Blue whales for example, are estimated to live on average between 80 to 90 years, but this is yet to be definitively confirmed. Bowhead whales are thought to be able to life as long as 200 years, but time will tell. In terms of science, we haven’t been observing whales for long enough to accurately define some of their lifespans – they can live a long time!
Some, we can more accurately measure. The Beluga Whale for example, we know they live between 35-50 years on average. Also, the typical lifespan for a sperm whale is 70 years, though longer is possible.
How Many Baby Whales Are Born In A Litter?
Almost all whale births are of a single offspring. Twins can happen with some species, but these are estimated to occur in less than 1% of all births.
What Do Baby Whales Eat?
Baby whales will survive from their mothers milk entirely at first. They will continue to drink milk for between 4-11 months, but on average, are weaned by around 7 months.
Once onto solid food, baby whales will eat a variety of small fish and small sea creatures such as krill.
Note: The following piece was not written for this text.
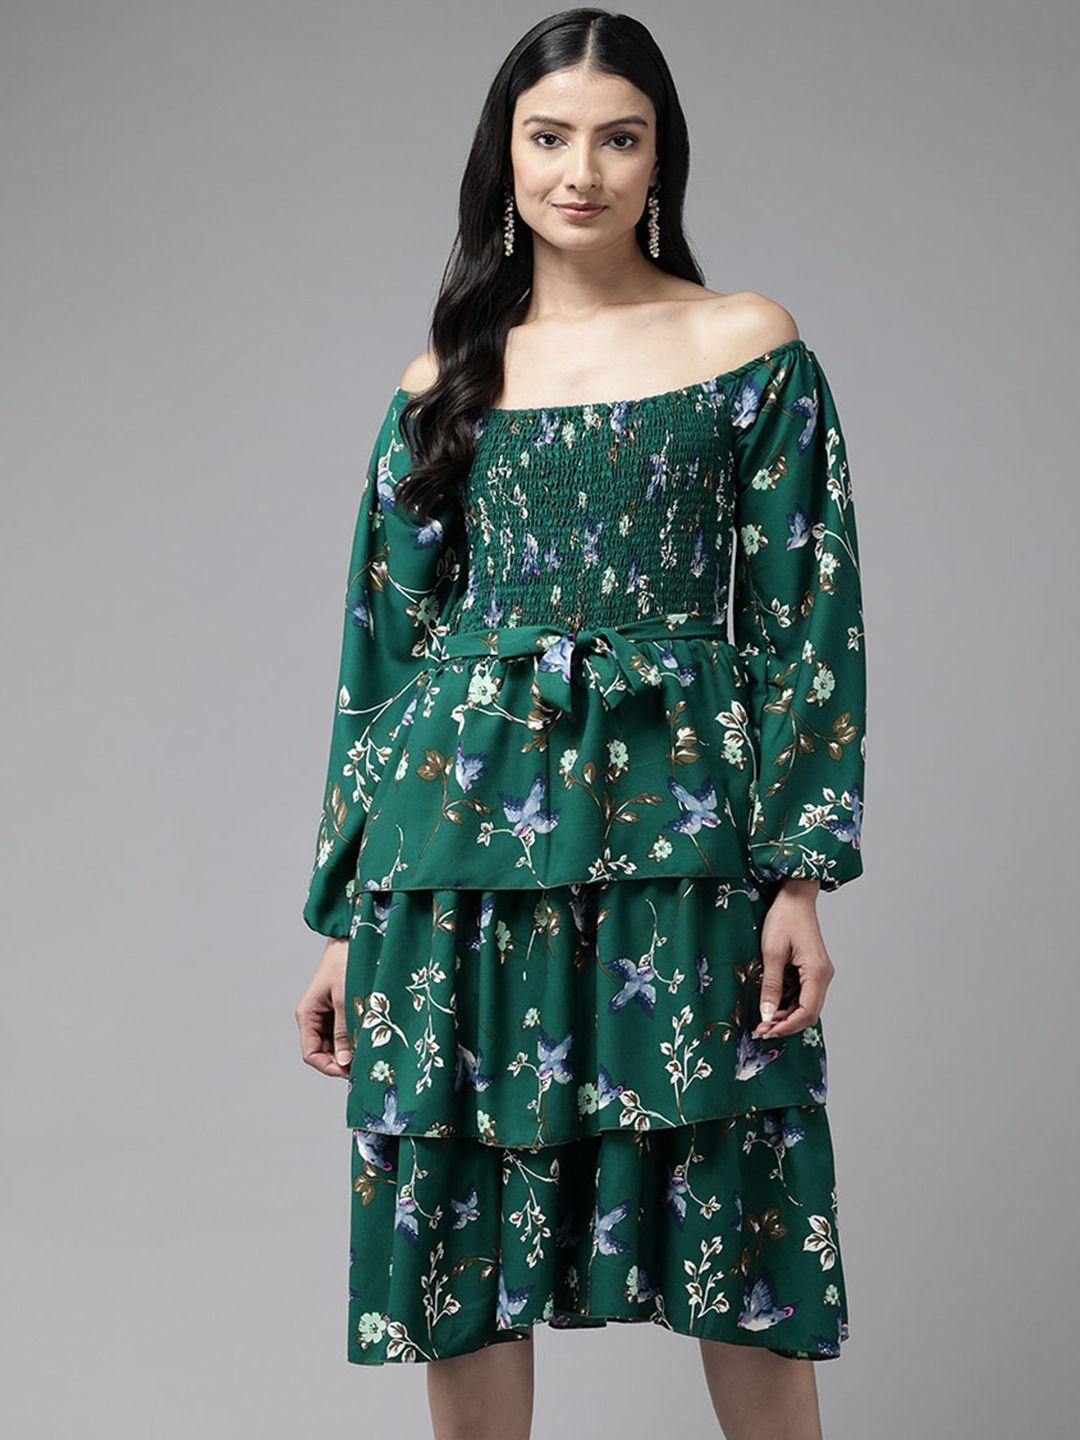 aarika-floral-printed-off-shoulder-georgette-a-line-dress-with-belt

They can eat lots of krill, which although tiny, make up a major part of their diet.
The adult blue whale for example, can eat up to 12,000 lbs of krill every day during a feeding season.
How Quick Do Baby Whales Grow?
It differs between species, but whales can generally be expected to double their size and weight within the first six months of their life. It may be between 5 to 15 years until they reach their full size and sexual maturity, depending on the type of whale.
Where Do Baby Whales Live?
Baby whales tend to live in shallow bay areas with their mothers, where food is plentiful and threats are low. Many whale species are migratory and will move around the oceans seasonally, for feeding and breeding. Some, such as the Bowhead whale, tend to stick to the same waters – particularly in the arctic, avoiding long journeys.
Natural Predators Of Baby Whales
It’s hard to think of an animal so big, that lives so remotely having any predators, but they do. There are not many animals that can challenge a whale, but some sharks are brave enough to give it a go. Other than humans, that have by far been the biggest and most impactful predator to whale populations over the centuries, it is the Orca that is the biggest natural predator.
Killer whales are apex predators, but are not true whales as the name suggests. They are actually a member of the dolphin family. They might be smaller than the blue whale but they will actively hunt and kill them particularly baby whales that are easier prey.